Так же и я уставился на колышущиеся горы плоти прерывисто дышащего горбуна. Медленно он поднялся, и свет большого огня освещал каждый неестественный горб, каждое искривление и грубый нарост — постоянный груз его несчастной жизни. Все это поразило меня не так сильно, как то, что я рассмотрел, когда он повернулся ко мне спиной и посмотрел вниз через перила на Соборную площадь. В центре его ягодицы красовался странный знак. Мои глаза тут же распознали его, даже если мое создание противилось тому. Я уже однажды видел его — как отражение в зеркале на моей собственной ягодице, в подземном убежище Вийона, отца.

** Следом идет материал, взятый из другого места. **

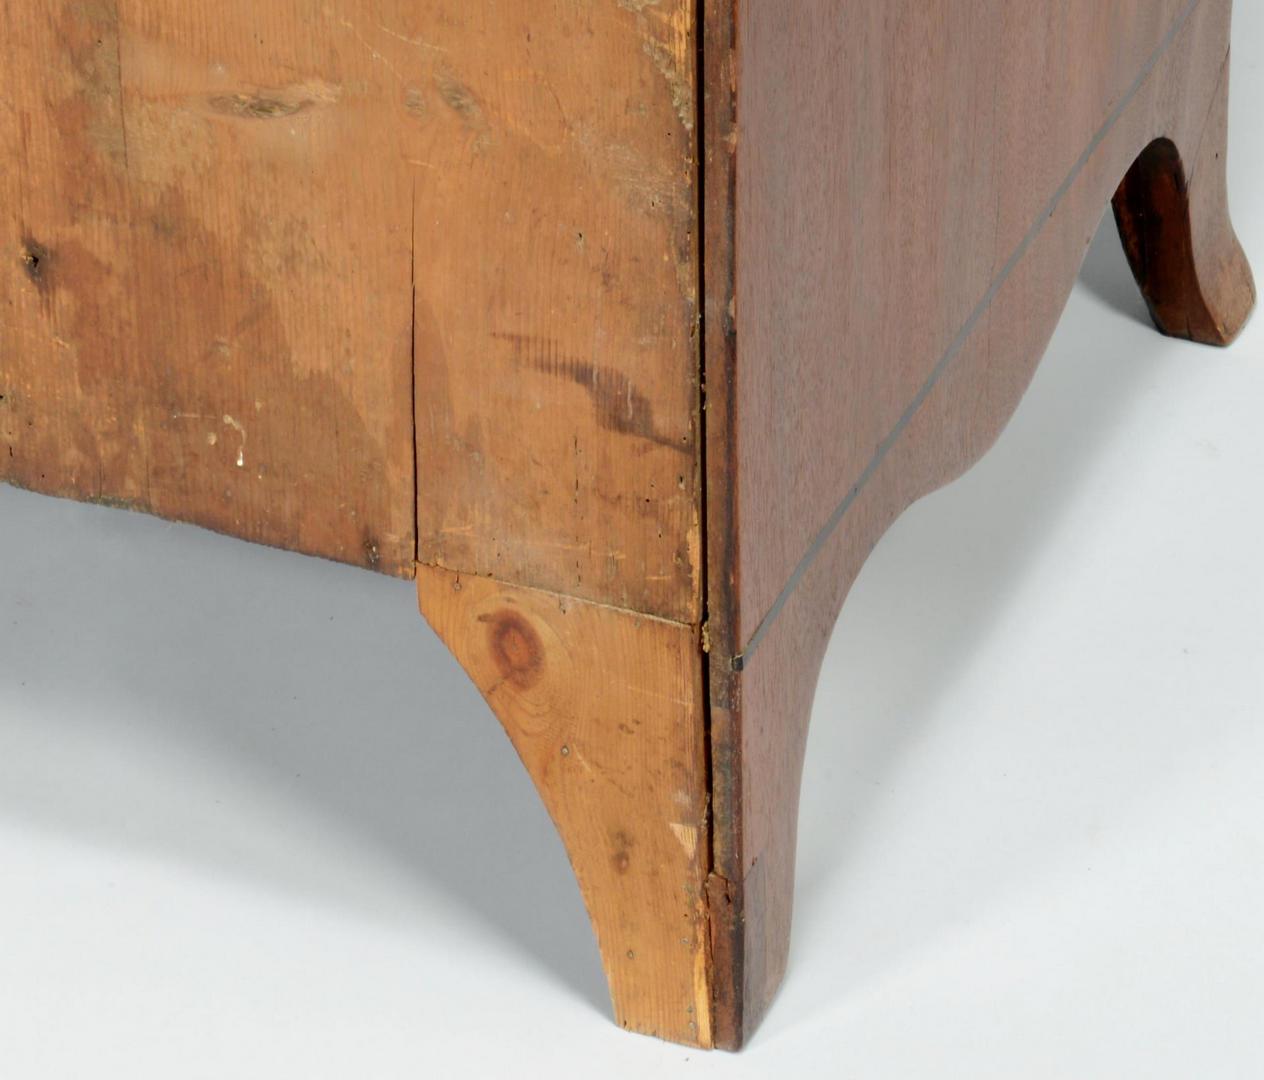 Lot 149: English Hepplewhite Chest of Drawers

Это поразило меня как удар кулака — с такой яростью, что мне пришлось замахать руками, чтобы не упасть с каменного постамента. Как вспыхнувший огонь в костре Квазимодо, я почувствовал себя облегченно. Я понял одно, почему Квазимодо играл такую важную роль в моих снах. Было ли это чистым совпадением, насмешливой иронией судьбы? Или это лежало в основе плана, который я не разобрал, было предреченным ходом в запутанной игре вокруг ананке человечества?

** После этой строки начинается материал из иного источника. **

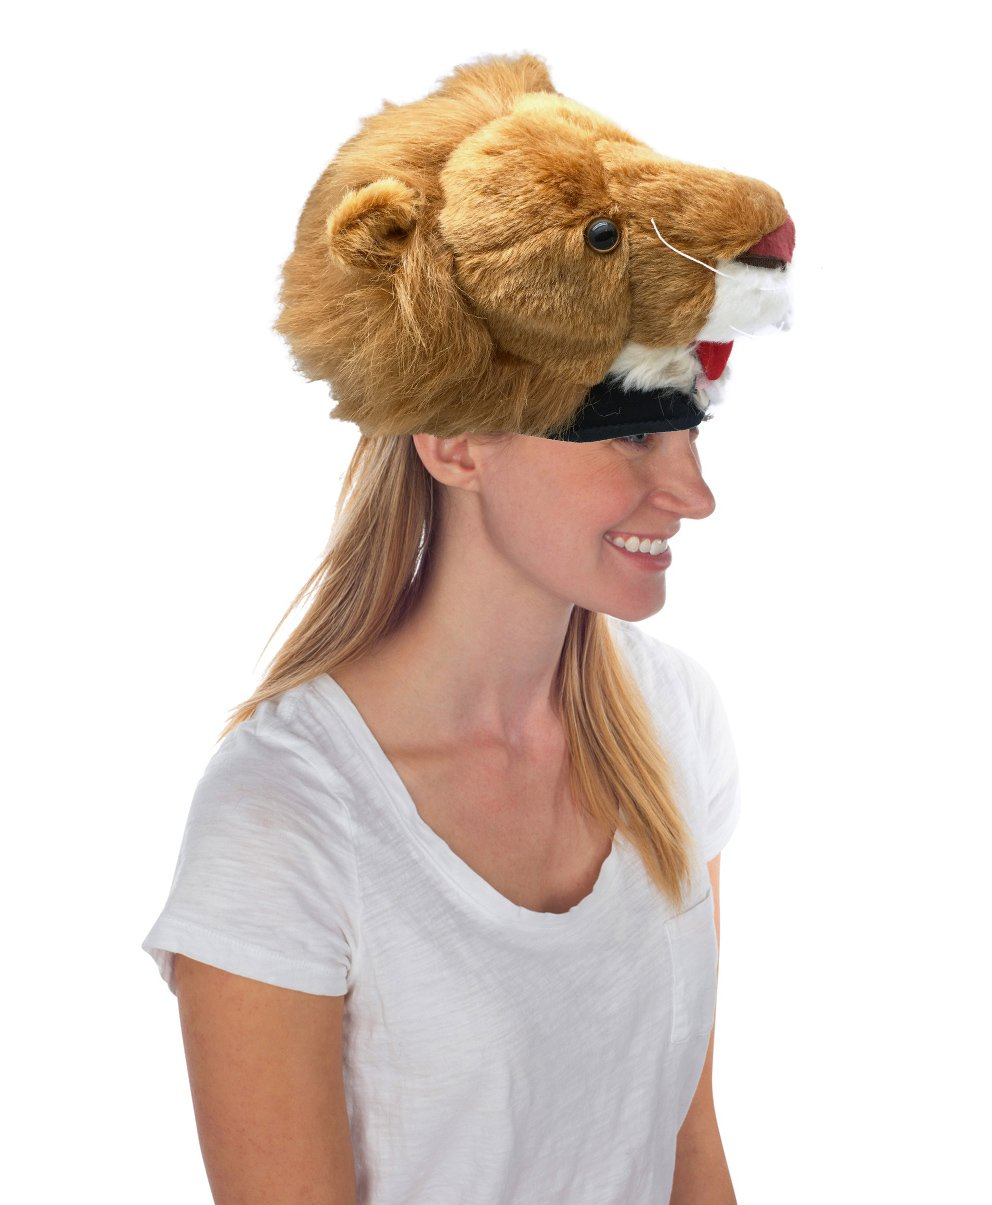 Furry Lion Animal Hat, Realistic Plush Costume Headwear, 1 Size

Квазимодо не оставил мне никакого времени для размышлений.

— Они возвращаются! — зарычал он. — Они ползут к королям наверх. Я должен их задержать!

Олово остыло, а оборванцы еще не успокоились. Клопен гнал их пламенными речами и ударами своей плетки, заставляя предпринять следующий штурм среди своих мучительно издохших сотоварищей. Где-то они раздобыли большую лестницу, которую прислонили к Главному порталу, чтобы взобраться на Королевскую галерею. Оттуда дверь вела вовнутрь Собора, как я знал по своим многочисленным познавательным экскурсиям.

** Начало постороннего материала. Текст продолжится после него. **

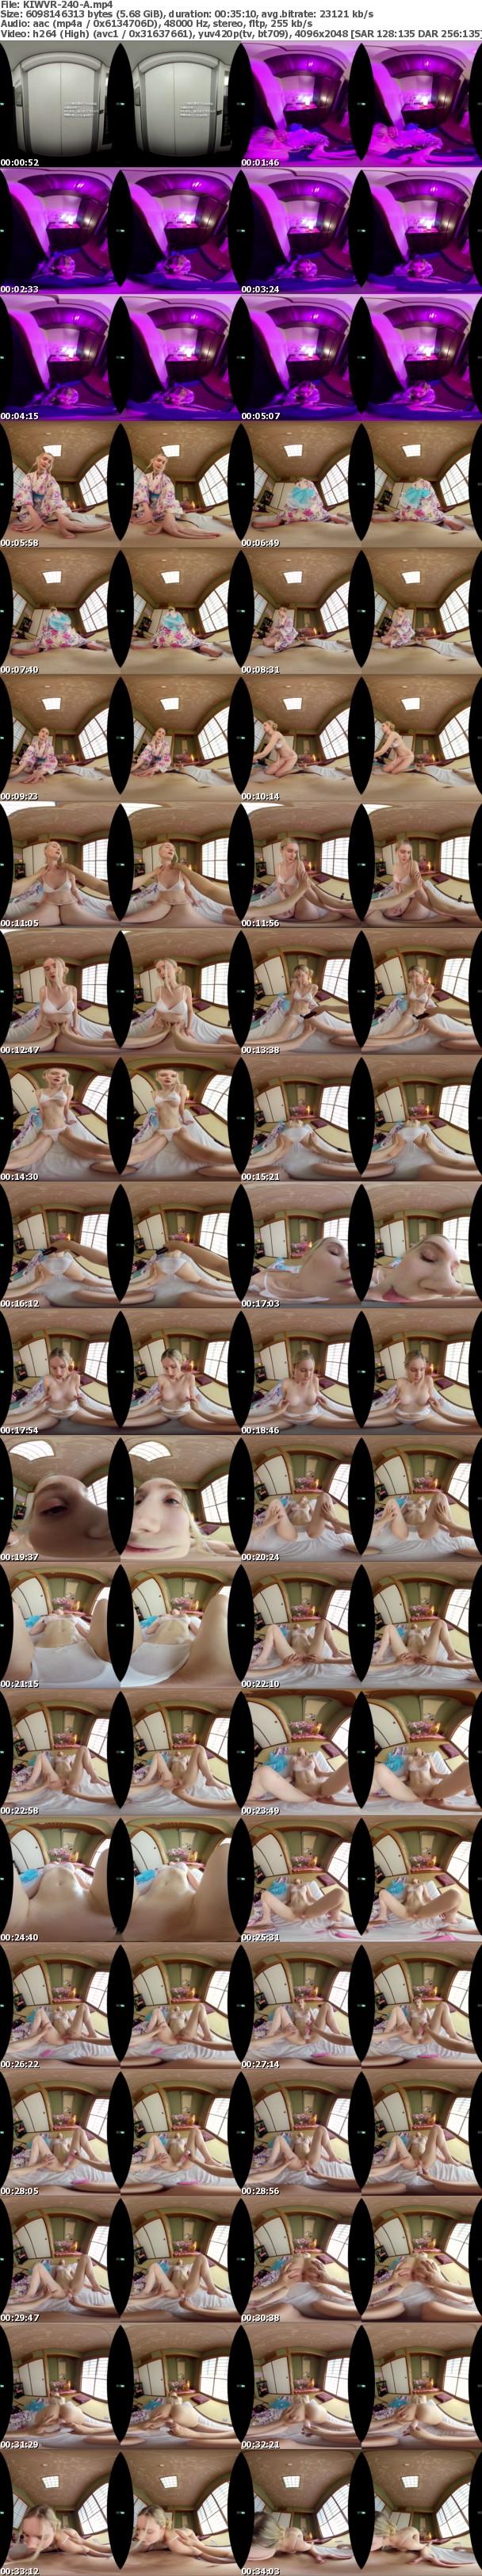 (VR) KIWVR-240 裏風俗で金髪美肌の北欧美人が浴衣姿で媚薬服用おもてなし【即尺ごっくん】からの【生中出し・顔射】金玉袋が枯れるまで極上キメパコSEX リリー・ハート

Нагой звонарь поспешно поскакал к ближайшей лестнице, и я последовал за ним, после того как я убедился, что охлажденное, застывшее олово больше не представляло собой опасности. Я хотел сказать Квазимодо, что он больше не одинокий подкидыш, что у него есть семья — отец и брат…

Квазимодо оказался быстрее и стоял уже на Королевской галерее, когда я, запыхавшись, прибежал туда. Но он не был достаточно проворен. Первый нападавший перемахнул через перила и стоял напротив звонаря. Большей противоположности не могло и существовать — голый горбун и тяжело вооруженный противник, который был одет в сверкающие доспехи, как рыцарь в битве или на турнире. Ему, должно быть, стоило немало труда поднять по лестнице свой железный панцирь и половину военного арсенала, который висел на нем. В правой руке он держал арбалет.

Звонарь прыгнул к лестнице, когда всклокоченная голова оборванца поднялась над перилами. Галерея лежала на высоте шестидесяти футов, — не считая свободной лестницы. И по всей этой длине была лестница с вооруженными нападавшими, подобными воинственной змее, которая неукоснительно ползла вверх.

Но Квазимодо остановил их. Прежде чем оборванец со всклокоченной головой сумел перебраться через перила, горбун схватил его за плечи и толкнул в глубину. Тот упал с распростертыми руками — как, птица, чьи крылья отказали — в плотную гроздь людей у основания лестницы.

Тут же после Квазимодо схватился за верхние концы лестницы и яростно тряхнул ее, так что нападавшие один за другим непроизвольно отправились в полет. Оборванцам, похоже, не сопутствовала удача: сперва дождь из камней, потом жидкое олово, а теперь — умирающие, которые в муках стонали среди своих товарищей. Скинутая лестница на миг стояла прямо, словно она ничего не могла решить. Наконец, она упала назад и ударилась о площадь перед Собором, где ее перекладины треснули как до этого кости обрушившихся.